Context: It is important to characterize the biological activity of circulating androgenic steroid hormones during the menopausal transition because these appear to impact the metabolic and cardiovascular health risk factors of women.

Objective: To develop and characterize a cell-based bioassay that measures the androgen receptor-mediated signal transduction in serum.

Design: Clinically relevant experimental study nested in a sample population of a longitudinal cohort study

Setting: University laboratory

Methods: A receptor-mediated luciferase expression bioassay based on HEK 293 cells which were stably cotransfected with plasmids containing the human androgen receptor (hAR) and luciferase gene was developed. In forty-nine samples from menstruating women aged 42-52 yr, total testosterone (T) and sex hormone binding globulin (SHBG) concentrations were measured by immunoassay; free T (FT) concentrations were calculated from the total T and SHBG concentrations.

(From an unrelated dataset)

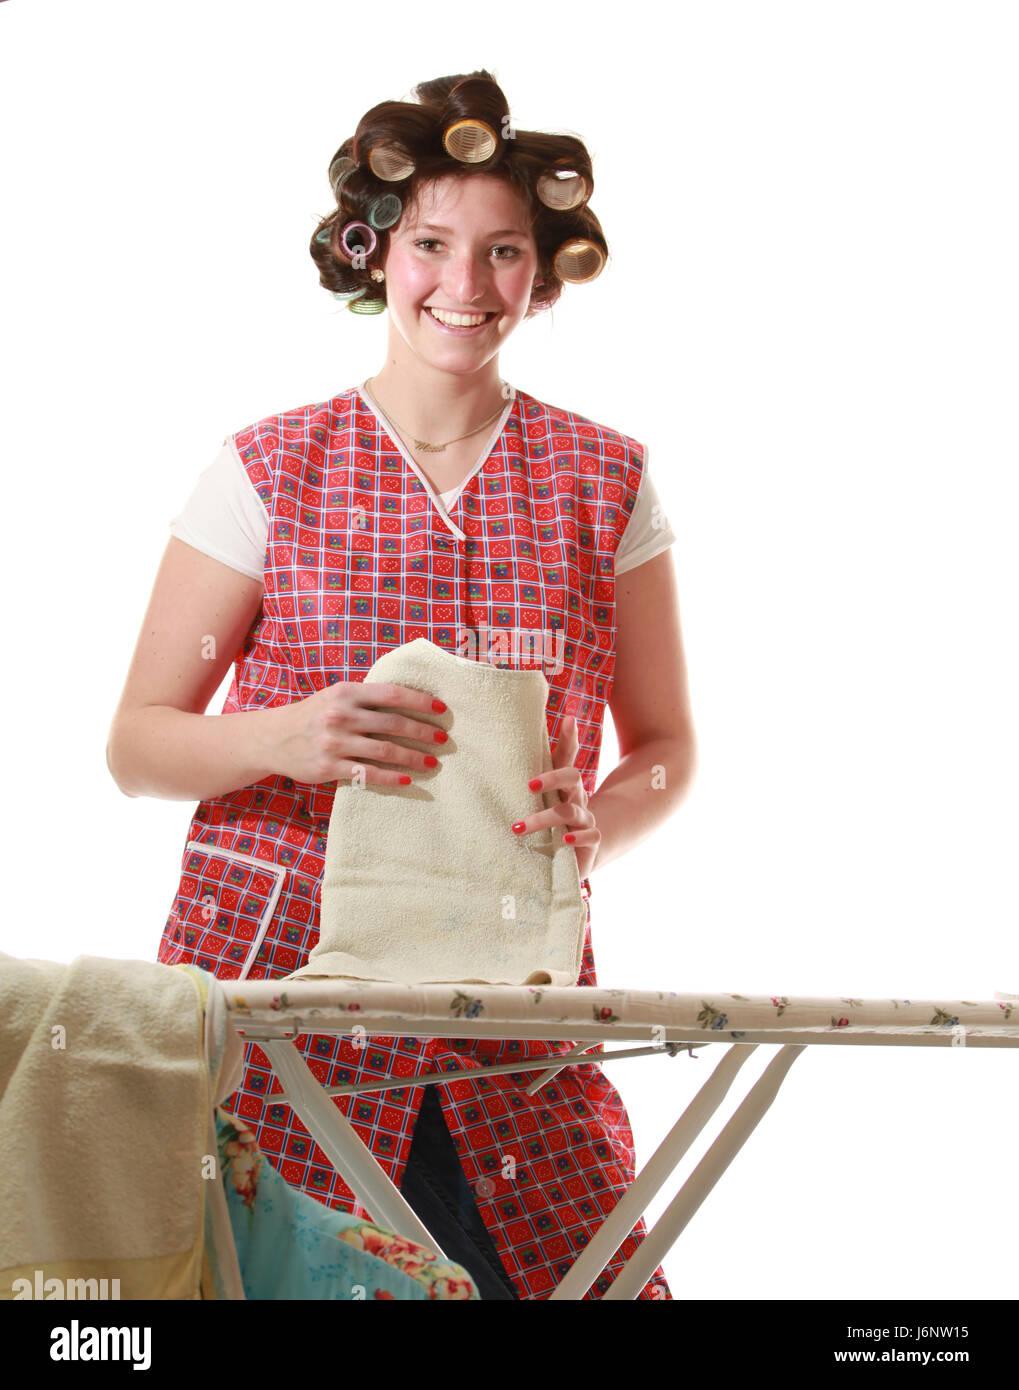 hausfrau bonbons die sch rze sch rze kleid eisen w sche. Black Bedroom Furniture Sets. Home Design Ideas

Results: Mean total T concentration of the sample was 1.15 nM (SD: 0.46, range: 0.57 - 3.86 nM). The mean bioactive androgen detected was 1.00 nM (SD: 0.24, range: 0.53 - 1.60 nM). Calculated FT (mean: 0.016 nM) was significantly lower than the levels of bioactive androgens measured by receptor-mediated bioassay. There was significant positive correlation between bioactive androgen levels and total T values in young women and in polycystic ovarian disorder patients while no correlation was found between the two values in mid-aged women.

Conclusions: An androgen receptor-mediated bioassay can provide additional information in the evaluation of total bioactive androgens in mid-life women. Our data suggest that levels of circulating SHBG may have a significant impact on the levels of total circulating bioavailable androgens.